Cambiamenti climatici. Mazzocca: che fine ha fatto il piano regionale di adattamento?

Negli ultimi mesi la stampa nazionale ha finalmente intensificato l’informazione sugli effetti dei cambiamenti climatici, complici alcuni eventi macroscopici.

 

Dallo scioglimento di 11 miliardi di tonnellate di ghiaccio in un solo giorno (Groenlandia), agli oltre 400 incendi che stanno devastando le grandi foreste del Nord (in Siberia, Alaska e Canada, starebbe bruciando una superficie di circa 130mila Kmq – pari al territorio della Grecia) e immettendo in atmosfera grandi quantità di CO2, all’assalto alle risorse amazzoniche (con l’avvento di Bolsonaro l’immensa foresta ha perso 3.444 Kmq di alberi, con un aumento della superficie disboscata annua pari all’88%, più di 3 campi di calcio al minuto). E mentre l’UE definisce lo scorso luglio come il mese più caldo da oltre un secolo, a breve territori densamente popolati saranno invivibili a causa del global warming e un quarto della popolazione mondiale rimarrà senza acqua. Facile ipotizzare come il cambiamento climatico destabilizzerà la geopolitica nel breve termine.

 

La tempistica non è più da ‘orologio geologico’. La terra ha circa 4.550 milioni di anni e la comparsa dei primi ominidi risale a 2 milioni di anni fa. Se con un audace e semplice esercizio algebrico proviamo a rapportare la vita umana alla scala di 1 secolo, noi esistiamo da 8 ore, la rivoluzione industriale è iniziata 2 minuti fa, e in questo tempo abbiamo distrutto il 55% delle foreste del pianeta. E mentre i governi ancora discutono su chi deve (o non deve) fare cosa per ridurre sensibilmente le emissioni in atmosfera, che valore può avere l’azione a livello locale? Altissimo, ritengo!

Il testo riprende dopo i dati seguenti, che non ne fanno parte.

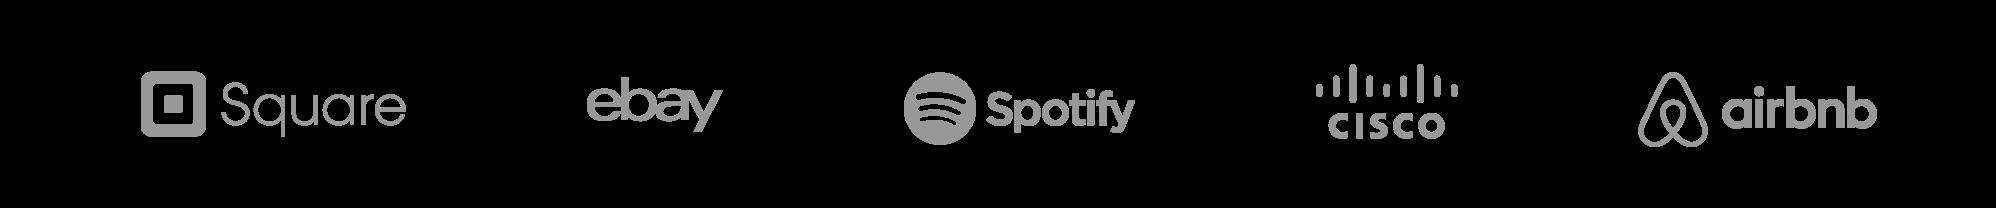 JIRA Customers: Square, Ebay, Spotify, Cisco, LinkedIn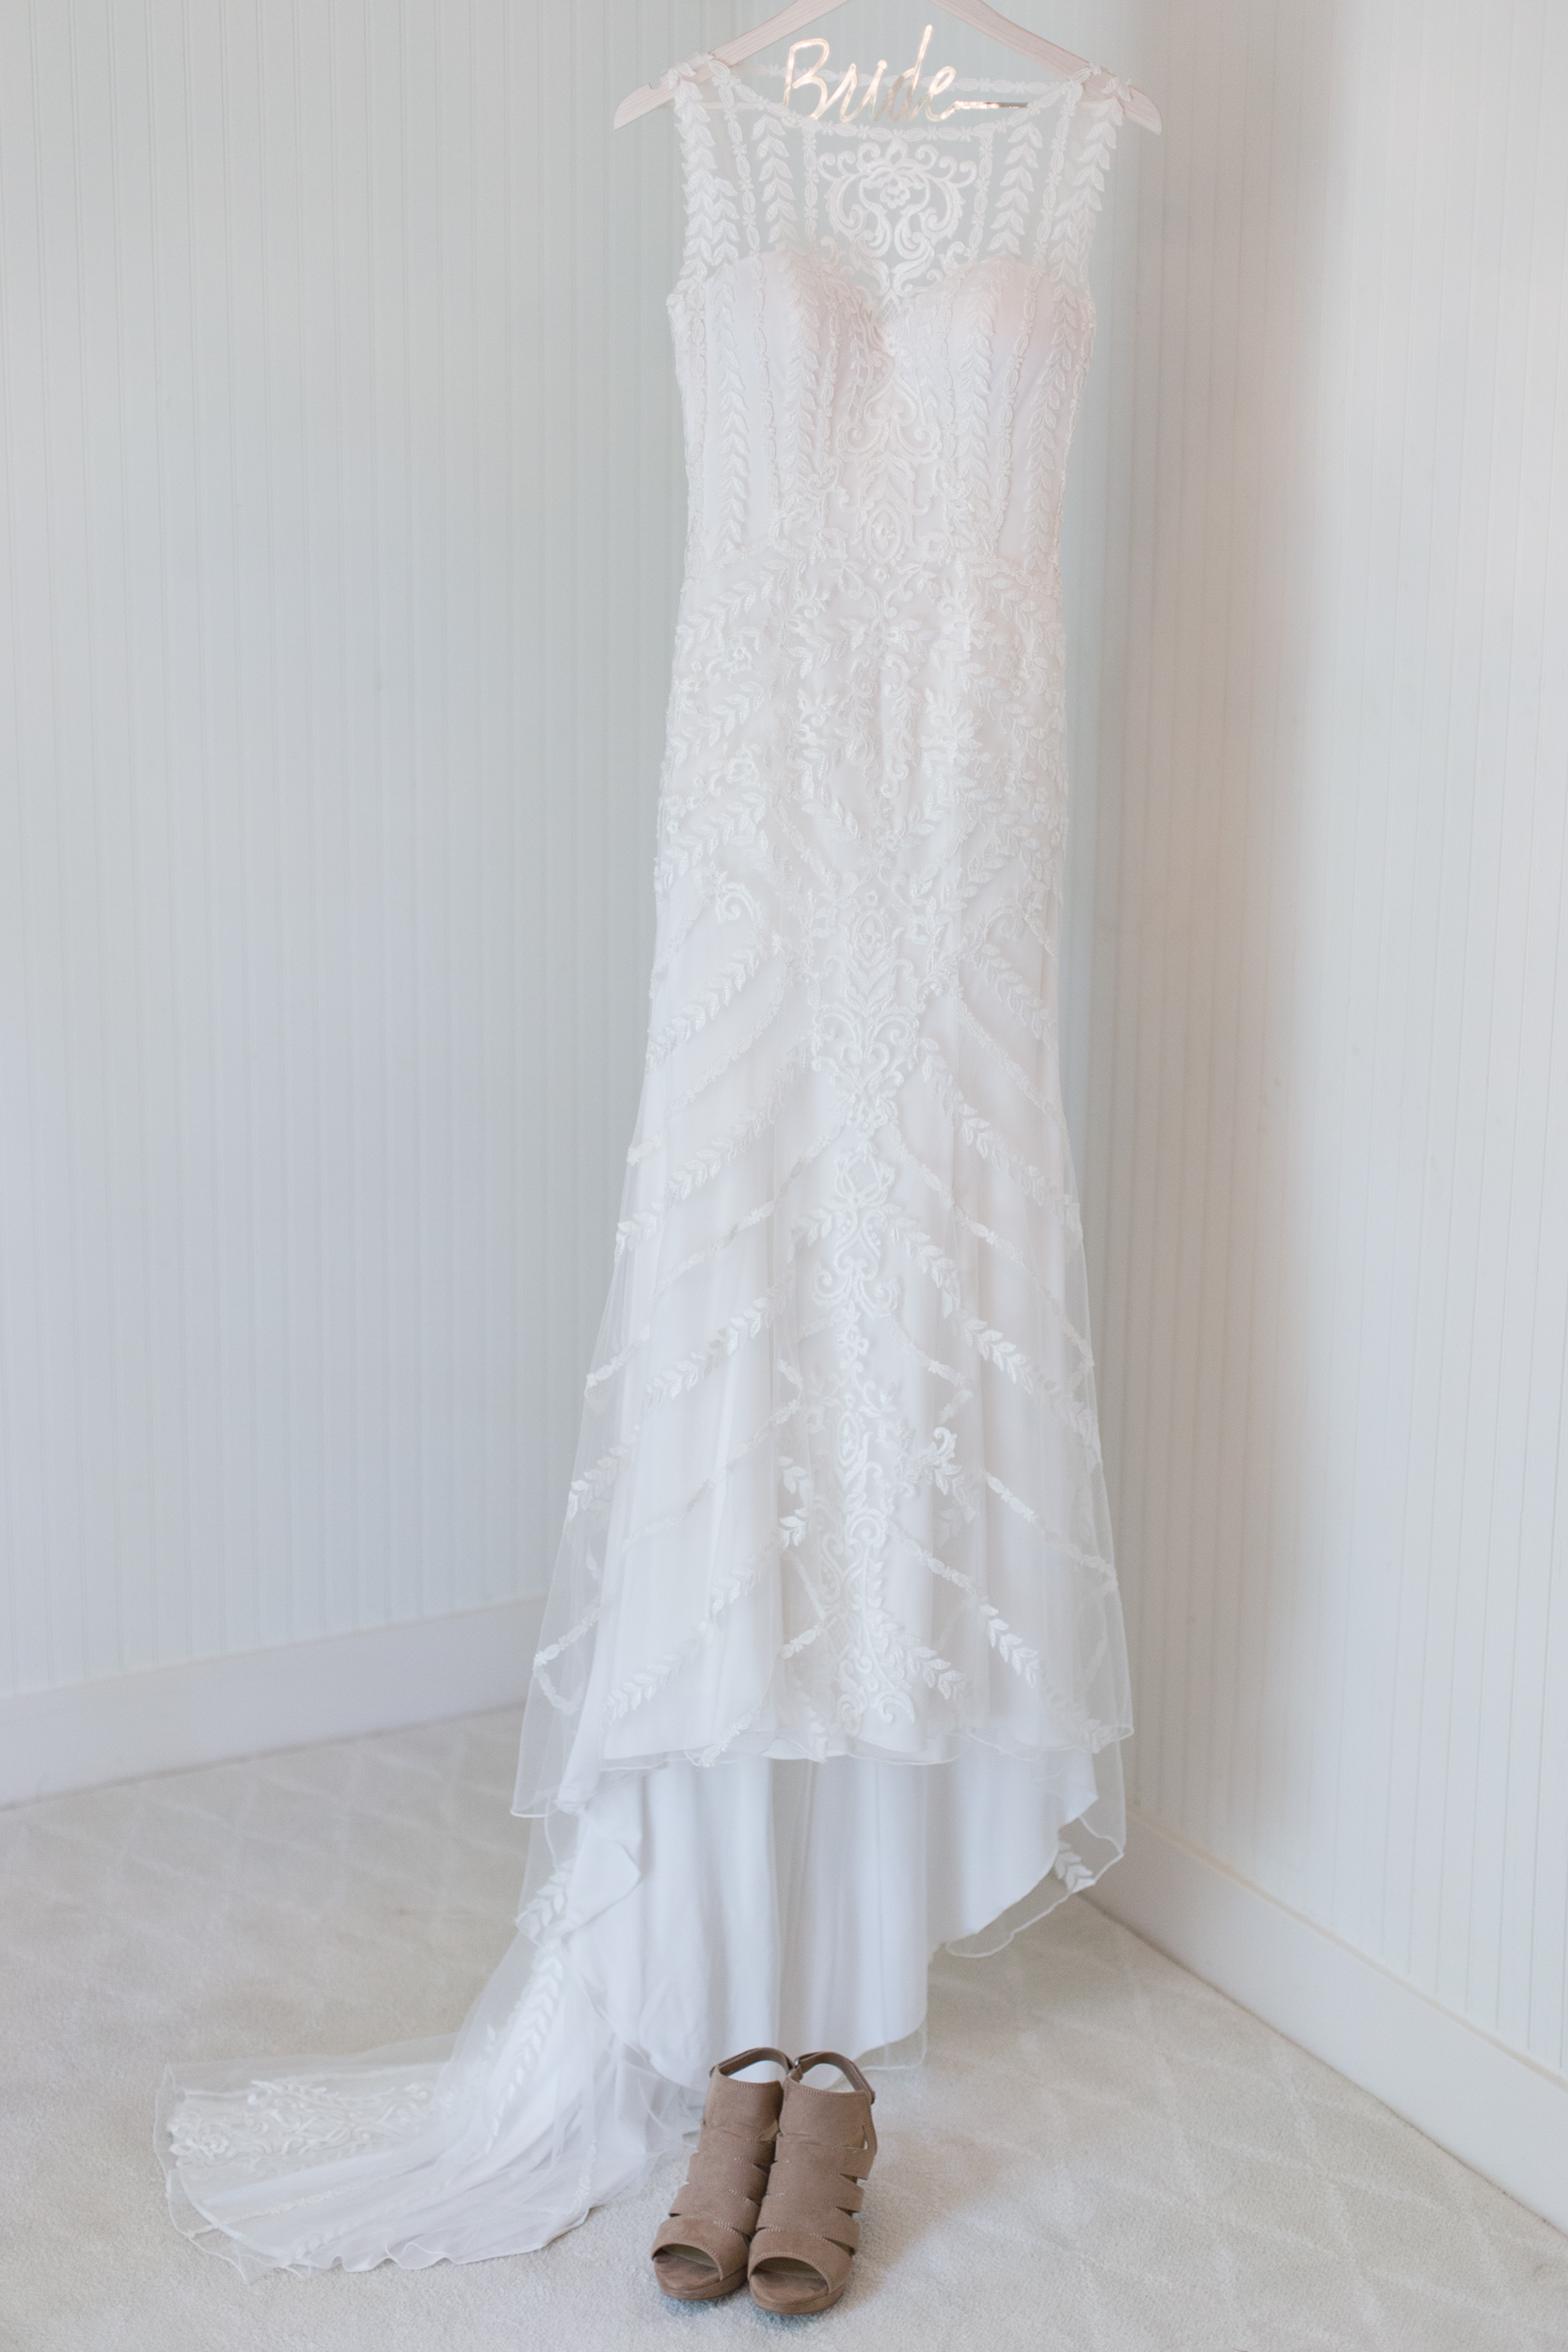 Zihlman-East TX Wedding_Kelsie Hendricks Photography_The Folmar Tyler Texas-52.jpg

È ormai indubbio che i cambiamenti climatici rappresentano attualmente la più grande sfida che istituzioni e popolazioni sono chiamati ad affrontare. L’azione per farvi fronte è duplice e comporta la messa in campo di politiche complesse e integrate. Da un lato, contrastando le cause dell’innalzamento delle temperature globali mediante interventi di mitigazione capaci di ridurre realmente le emissioni di gas-serra. Dall’altro, predisponendo piani di adattamento in grado di minimizzare gli impatti dei cambiamenti climatici a livello locale e sostenere le capacità resilienti dei territori. Su tale ultimo punto, centrale è il ruolo dei governi territoriali e, in particolare, regionali. Analizziamo il caso dell’Abruzzo.

Il territorio regionale è caratterizzato dalla più alta diversità climatica dell’Italia peninsulare, da una elevata vulnerabilità agli impatti dei cambiamenti climatici e dalla necessità di accelerare sul tema delle ‘compensazioni ecosistemiche’; fin dal 2015 e partendo da zero, il Governo abruzzese si impegnò, a varare il proprio Piano Regionale di Adattamento (PACC) avviando la stesura del ‘Profilo Climatico’ (propedeutico al Piano e presentato nel giugno 2017) ed affidando la sua elaborazione ed il coordinamento del necessario processo partecipativo al Dipartimento ‘Disputer’ dell’Università ‘G. D’Annunzio’ ed al ‘Centro Documentazione Conflitti Ambientali’.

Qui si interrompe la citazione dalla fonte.